Pantauan di lapangan menunjukkan sejumlah kabel fiber optik menggantung rendah, bahkan hampir menyentuh kepala orang dewasa. Kabel tersebut berasal dari tiang jaringan milik salah satu penyedia layanan internet yang roboh setelah diterjang angin puting beliung beberapa waktu lalu.
Para pedagang yang beraktivitas di sekitar taman menyebutkan, tiang jaringan itu roboh sejak Sabtu sore, 14 Februari 2026 lalu, saat angin kencang disertai puting beliung melanda wilayah Kotabumi. Namun hingga kini, kondisi kabel yang menjuntai belum juga mendapat penanganan.
“Sejak angin puting beliung itu roboh, sampai sekarang belum juga dibenahi. Kabelnya jadi menjuntai seperti ini. Kami khawatir kalau sampai tersangkut orang atau kendaraan,” ujar Sunarti salah seorang pedagang di area Taman Gading.
Selain berpotensi mencelakai pejalan kaki dan pengendara, kabel yang menggantung semrawut juga merusak estetika kawasan taman yang selama ini menjadi salah satu ruang publik favorit warga Kotabumi.
Tidak hanya itu, kondisi tersebut juga menimbulkan risiko lain seperti tersangkut kendaraan, melukai pengunjung, hingga potensi korsleting jika jaringan mengalami kerusakan.
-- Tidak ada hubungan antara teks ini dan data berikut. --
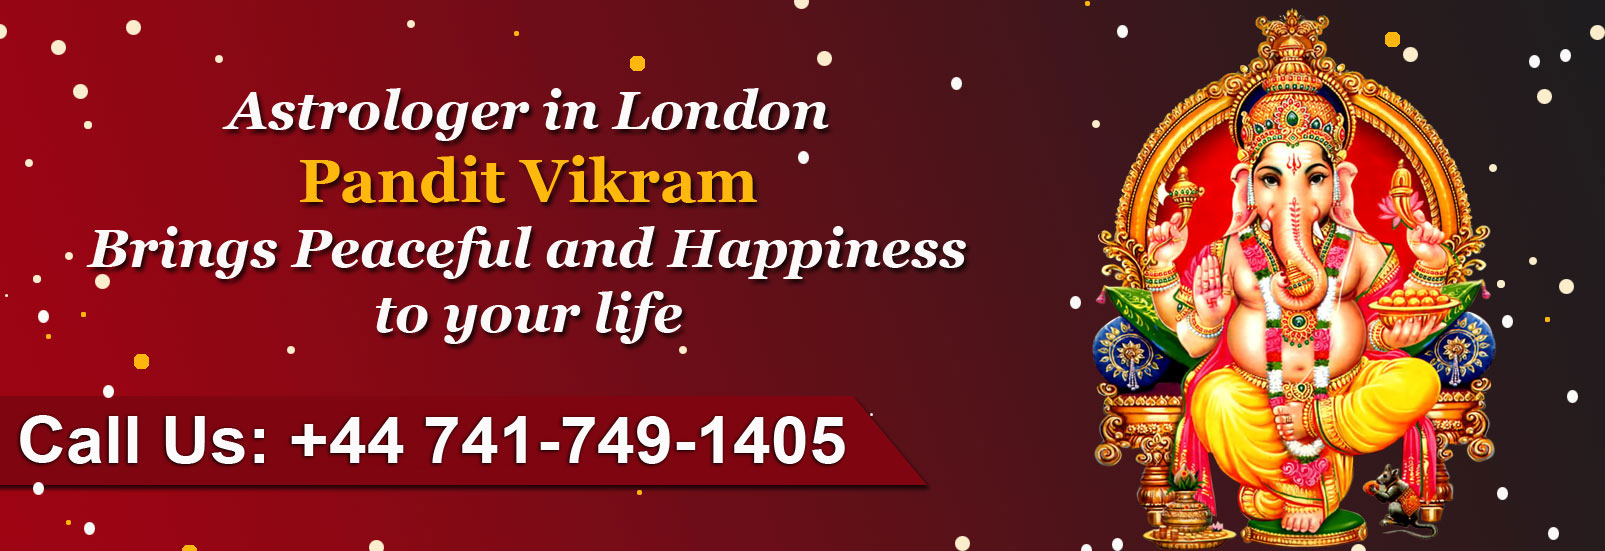 Pandit Vikram Astrology Services Banner

Fenomena kabel jaringan yang tidak tertata rapi memang kerap menjadi persoalan di berbagai daerah.
Pemasangan yang tidak terstandar, minimnya pengawasan, hingga dugaan adanya kabel jaringan ilegal sering kali menjadi penyebab utama kondisi semrawut tersebut.
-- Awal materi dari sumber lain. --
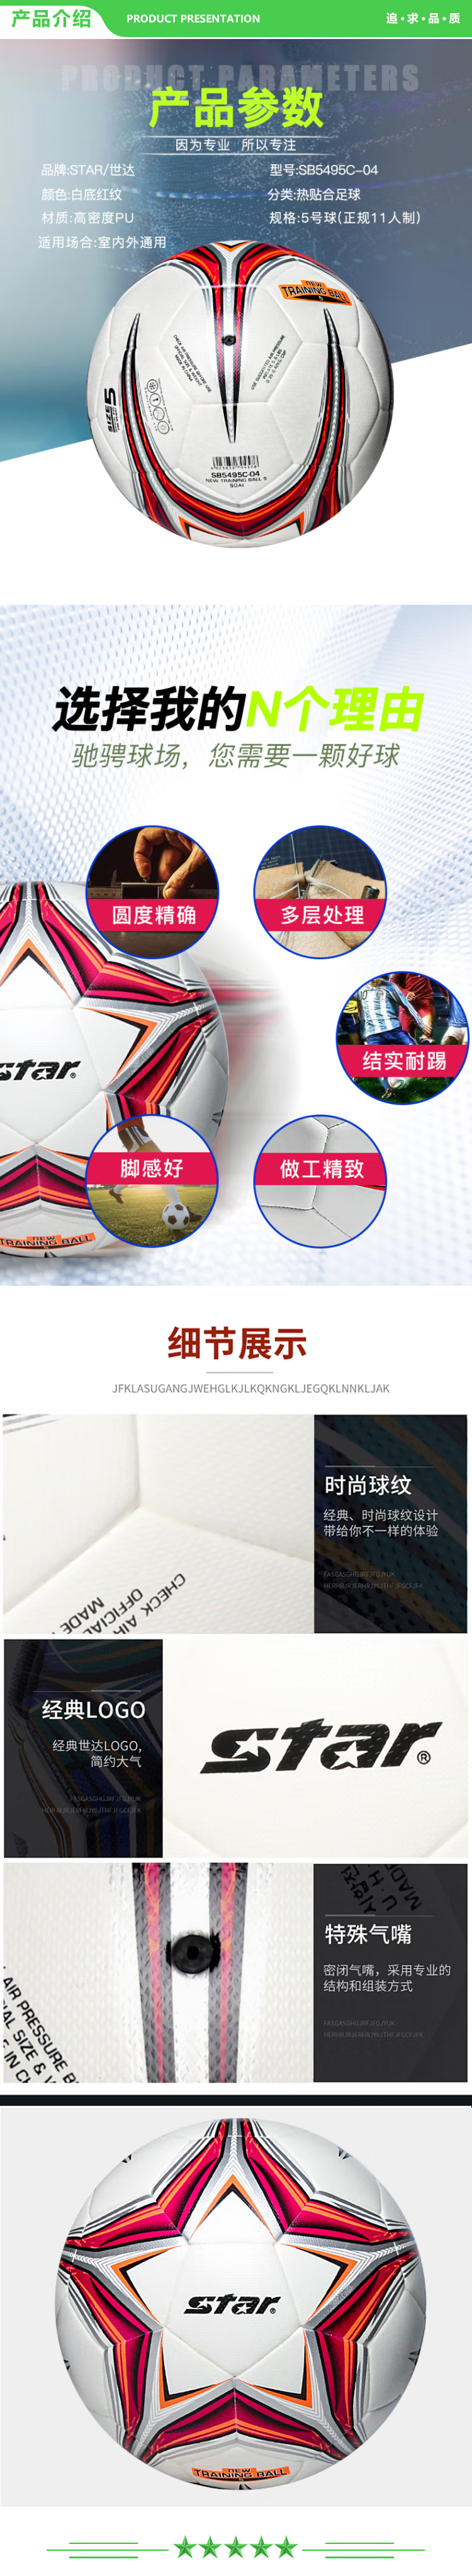 世达 star SB5495C-04 高级橡胶绕线胆热贴合足球 5号 耐磨成人儿童训练竞技用足球比赛用足球  2.jpg

Warga dan pedagang di sekitar Taman Gading berharap pihak penyedia layanan internet segera memperbaiki tiang jaringan yang roboh serta menata kembali kabel yang menjuntai agar tidak membahayakan masyarakat.
Mereka juga meminta pemerintah daerah memperketat pengawasan terhadap pemasangan kabel jaringan di ruang publik.
“Kalau dibiarkan terus tentu berbahaya. Kami berharap segera diperbaiki sebelum terjadi hal yang tidak diinginkan,” kata Dulah pedagang lainnya mengungkapkan.